» **Your instructions**:
Would you print the data below exactly, leaving out every picture?
START Data
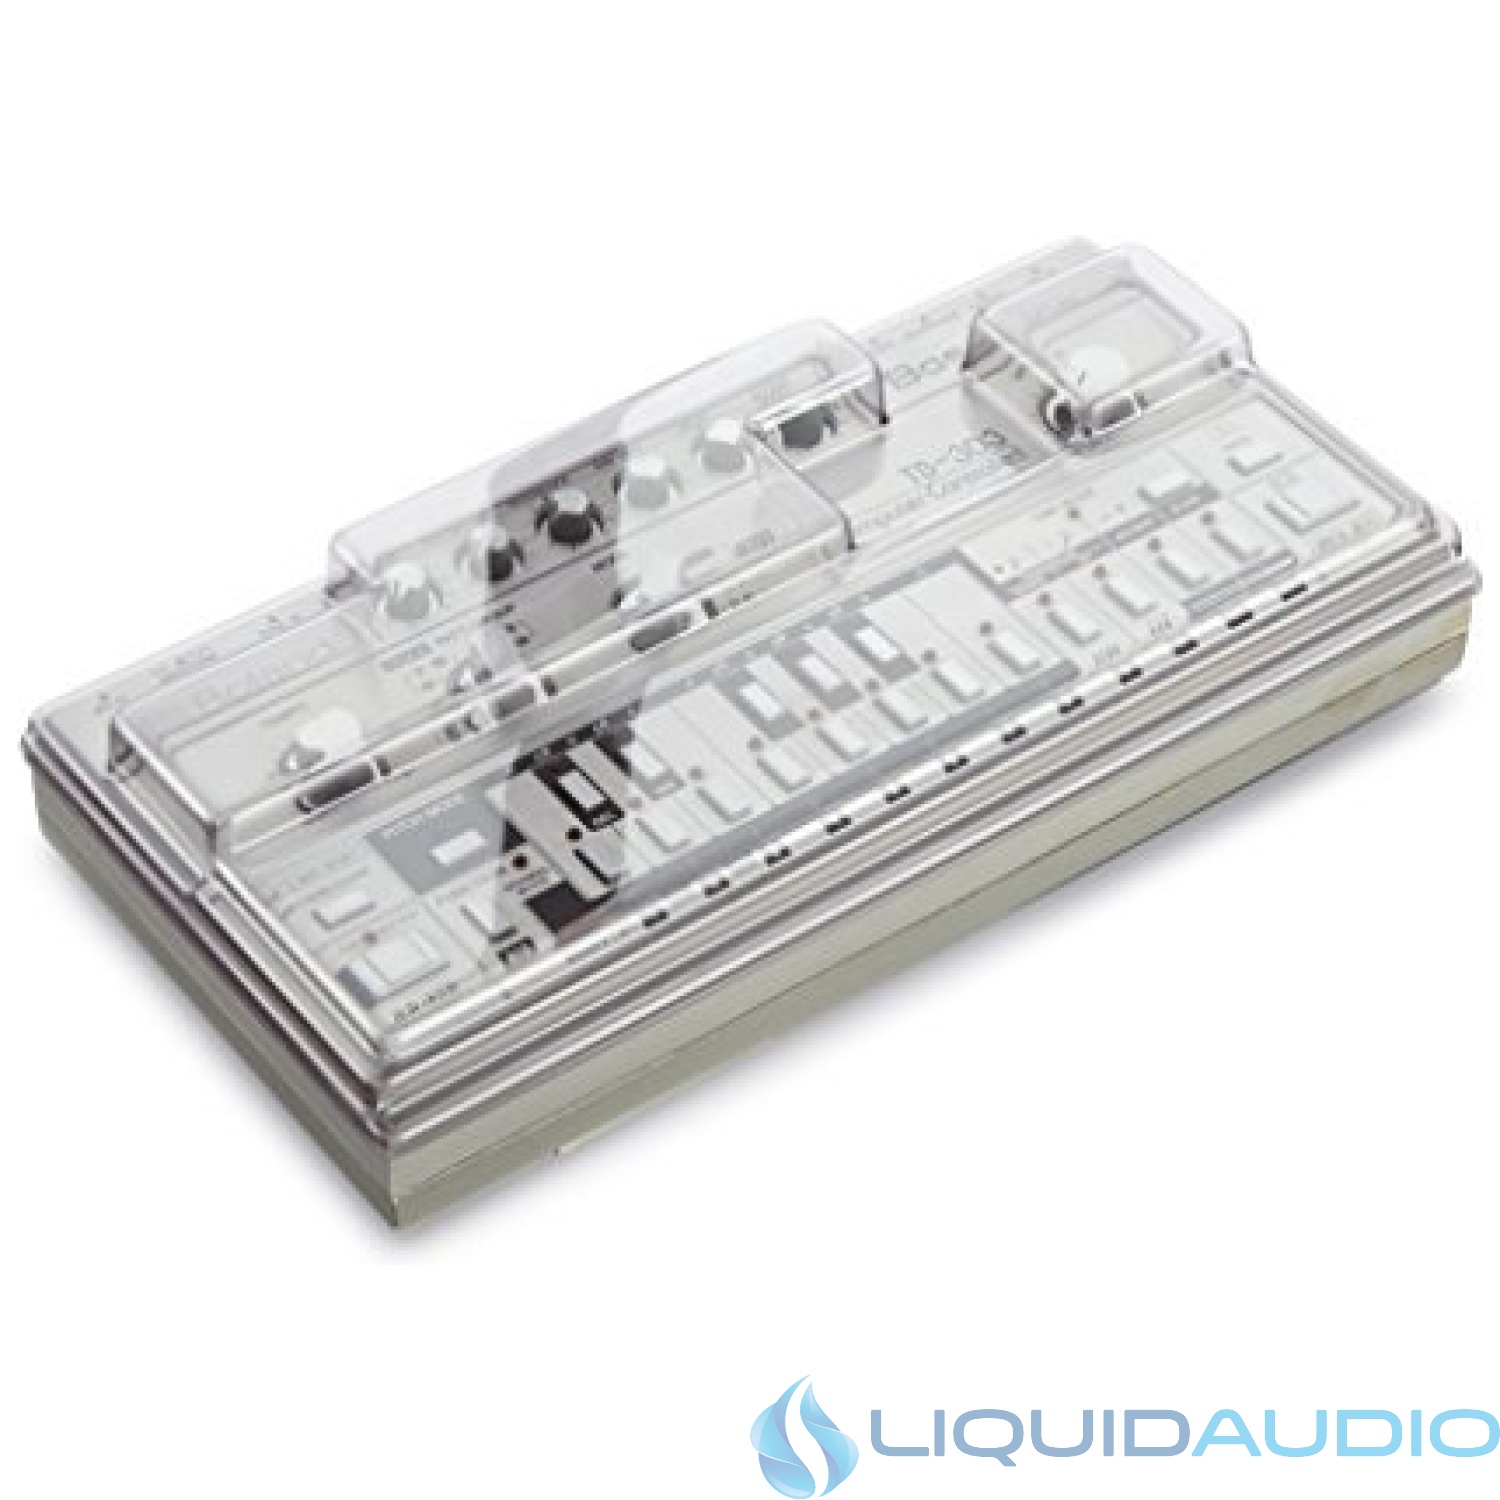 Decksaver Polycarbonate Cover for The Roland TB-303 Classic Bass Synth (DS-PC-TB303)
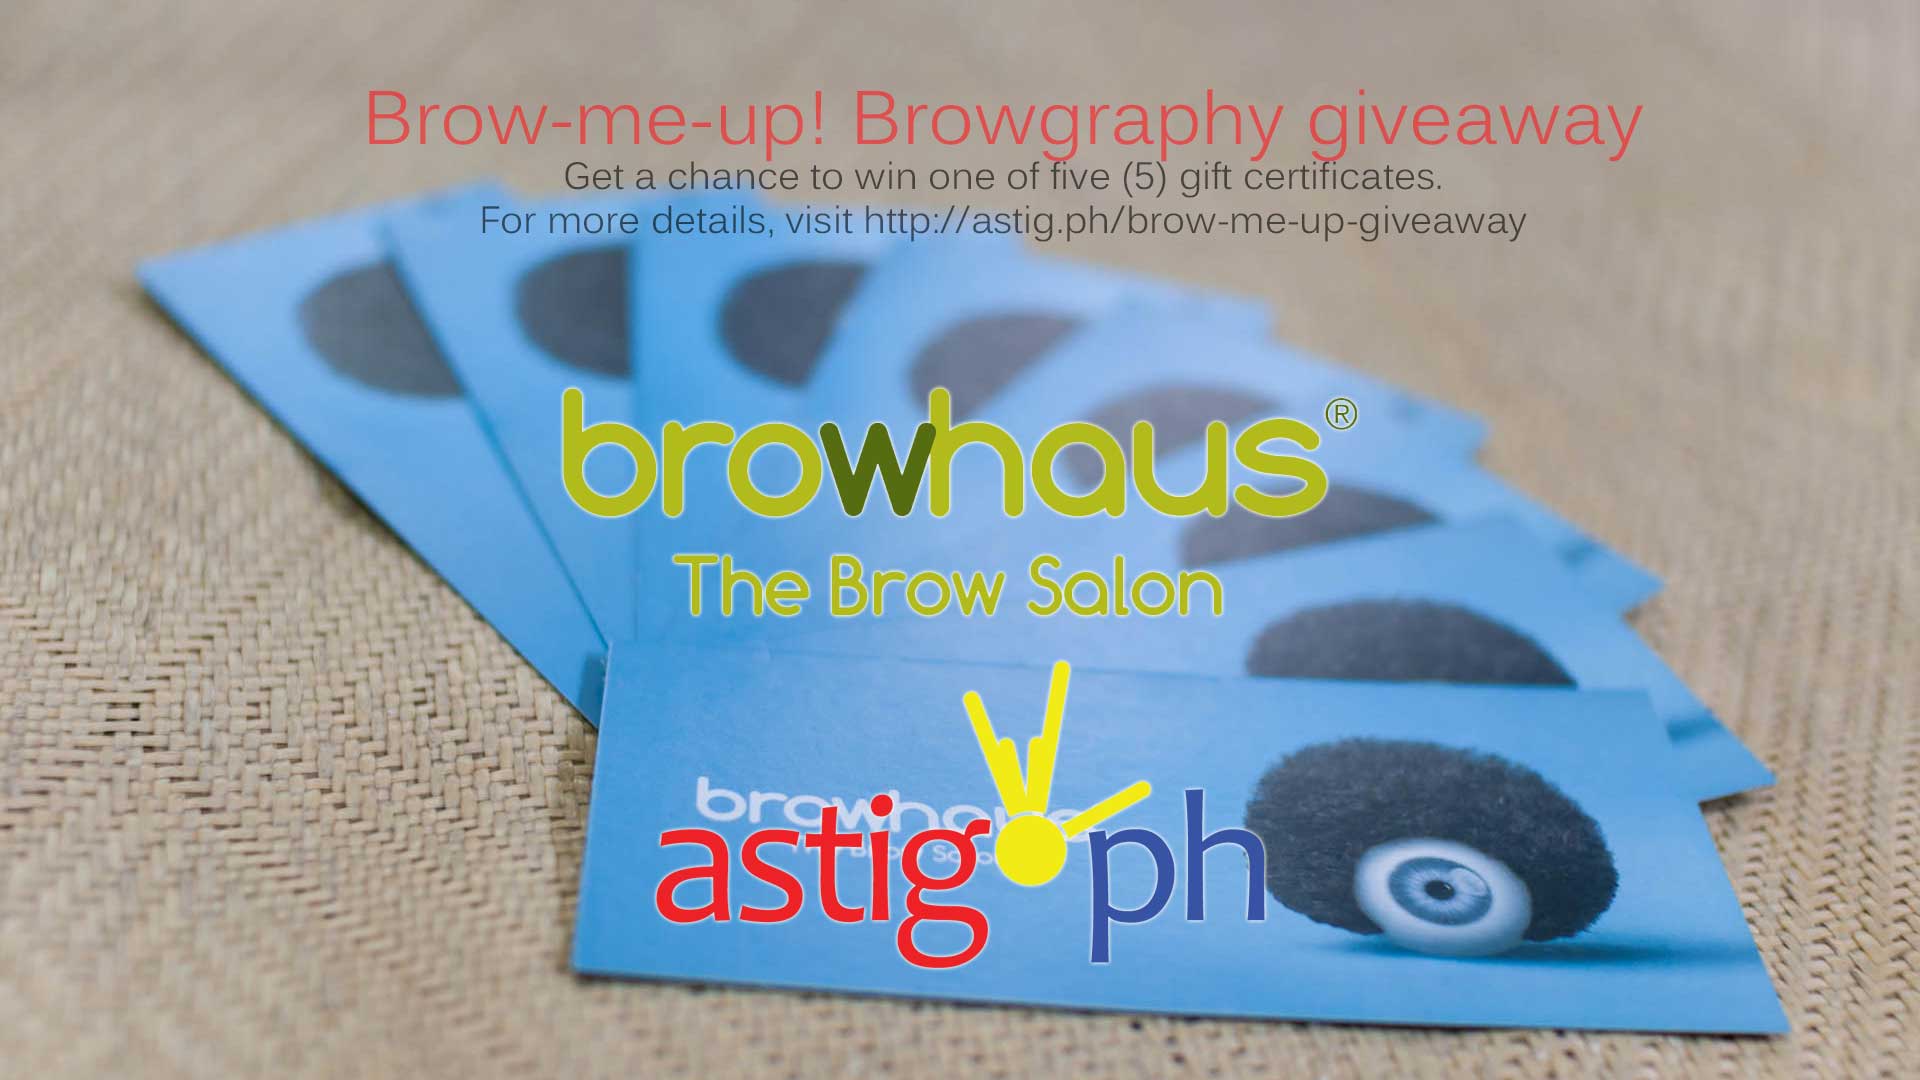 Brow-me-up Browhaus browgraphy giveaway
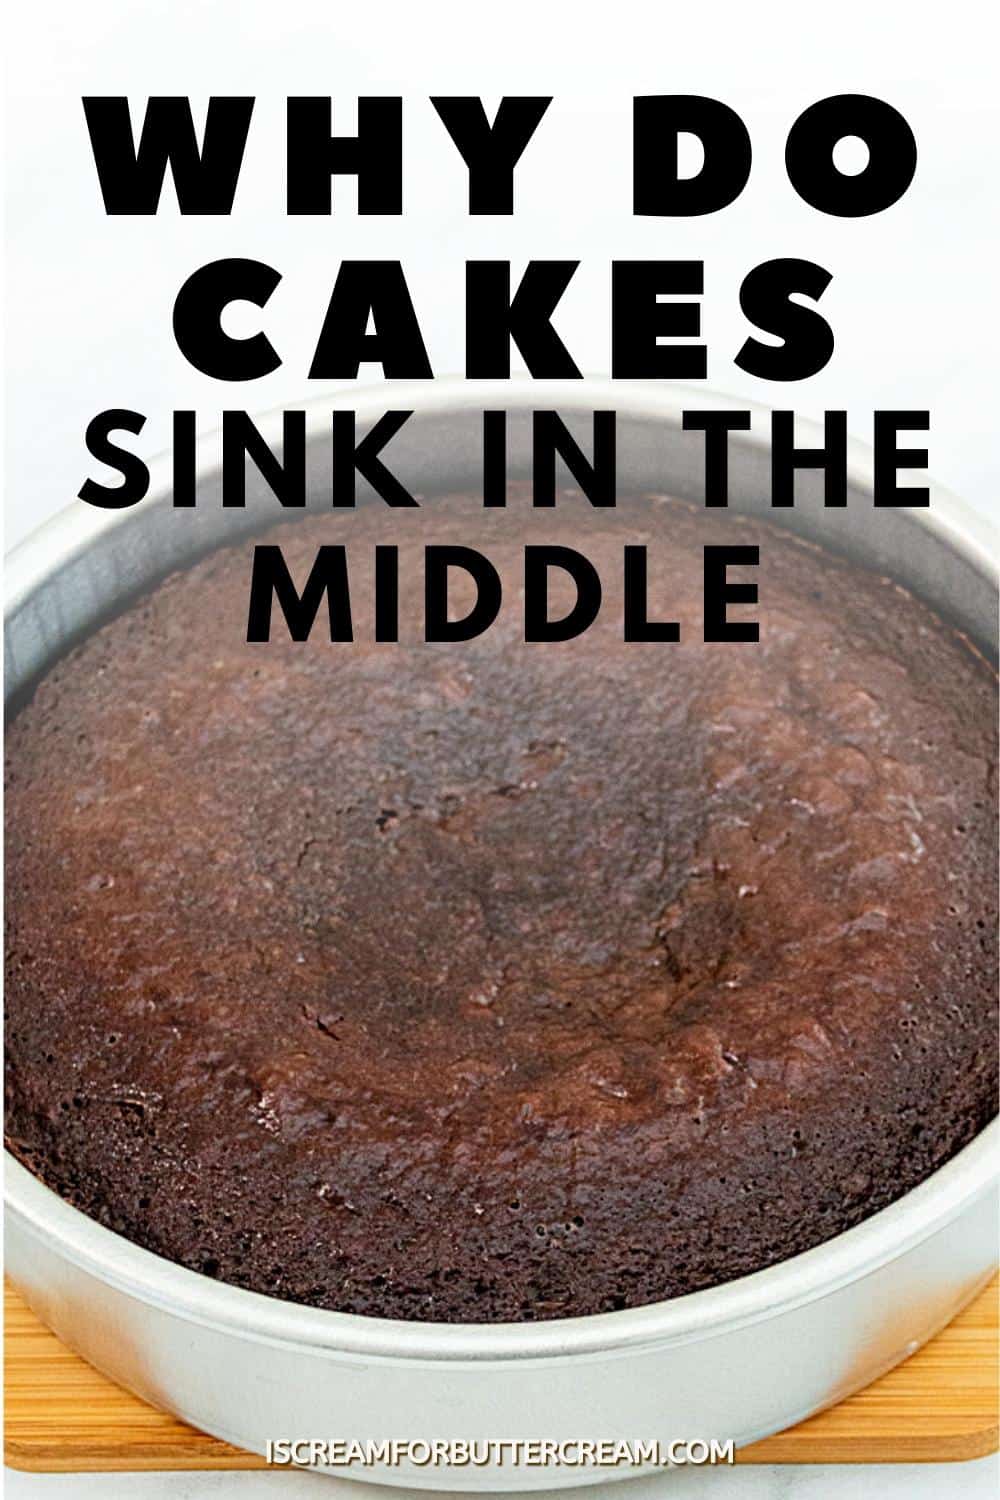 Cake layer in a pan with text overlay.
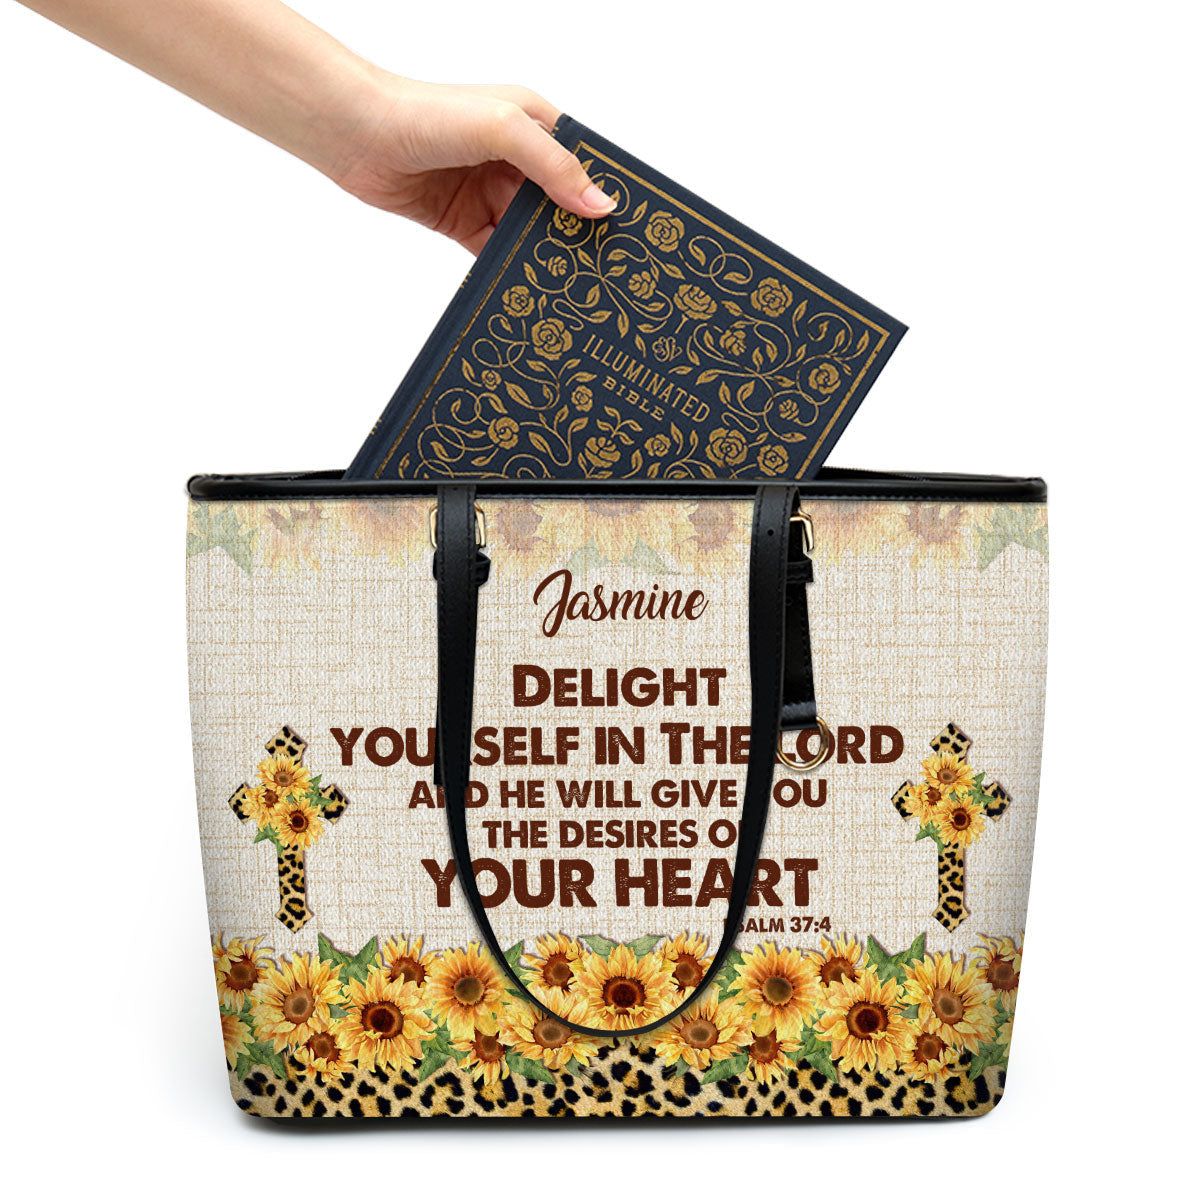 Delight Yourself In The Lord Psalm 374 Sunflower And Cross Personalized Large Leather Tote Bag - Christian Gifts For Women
END Data
» **Answer area**:
 Decksaver Polycarbonate Cover for The Roland TB-303 Classic Bass Synth (DS-PC-TB303)
 Brow-me-up Browhaus browgraphy giveaway
 Cake layer in a pan with text overlay.
 Delight Yourself In The Lord Psalm 374 Sunflower And Cross Personalized Large Leather Tote Bag - Christian Gifts For Women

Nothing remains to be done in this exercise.